To my understanding of the code, it seems that you are rounding the output values. With my experience of neural networks, rounding is bad, because it doesn’t allow the neural network to get the precise values needed for improving. Also, you can try changing to different activation functions (like leakyrelu, sigmoid, etc…), some activation functions perform better than others.

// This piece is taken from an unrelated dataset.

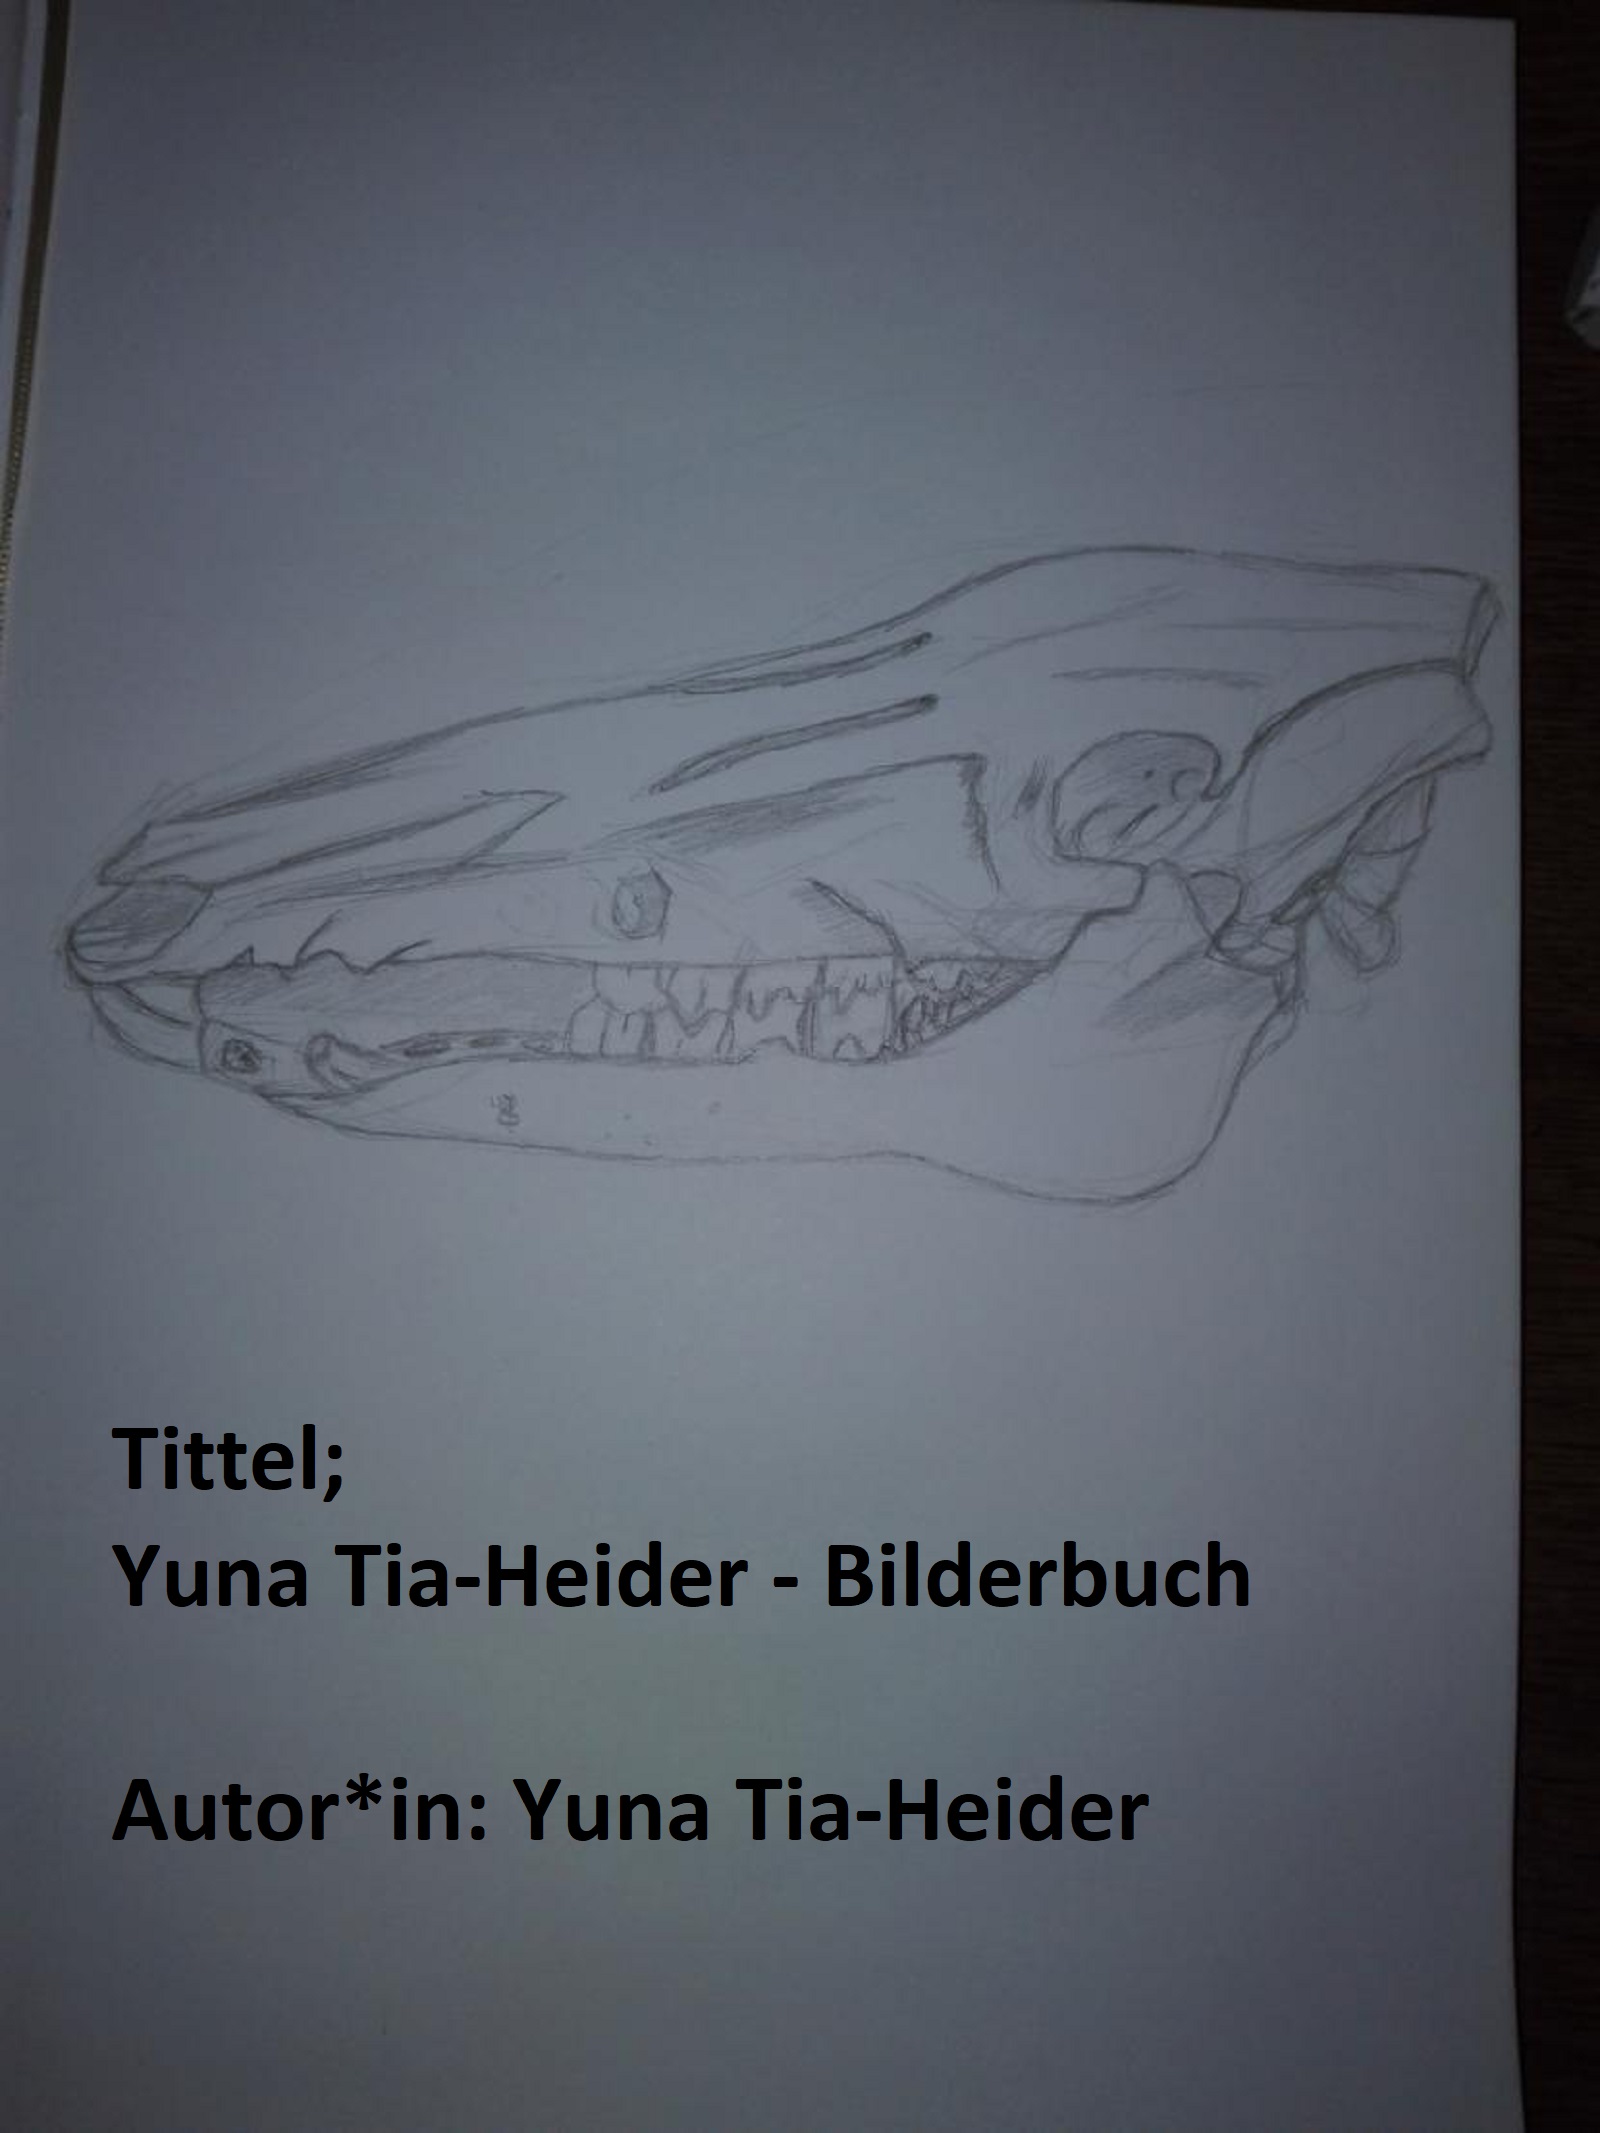 Yuna Tia-Heider - Bilderbuch

ImNotKevPlayz · June 17, 2022, 1:58am

A genetic algorithm is DIFFERENT from backpropagation. Both aim for the same goal but use different methods. They’re also used in different places. A genetic algorithm is used in cases where you cannot determine the correct answer to a problem, but you can evaluate the fitness of the AI. This is also known as reinforcement learning. A genetic algorithm uses evolution to improve the neural network instead of calculating the partial derivative of the cost function with respect to each weight and bias. Also, I don’t think the problem lies within the neural network structure itself. Rather, I think this random-like behavior could be caused by the lack of useful inputs and bad fitness evaluation.

Honestly, the fitness algorithm is such a pain in the head for me. I might just resort to manual selection. For a bullet shooter simulation like this, I don’t think there is a good way to determine the score of each individual without running into problems. Right now, the majority of AIs get a score of 0, or a super inflated score due to them going behind the enemy and mass shooting by pure luck.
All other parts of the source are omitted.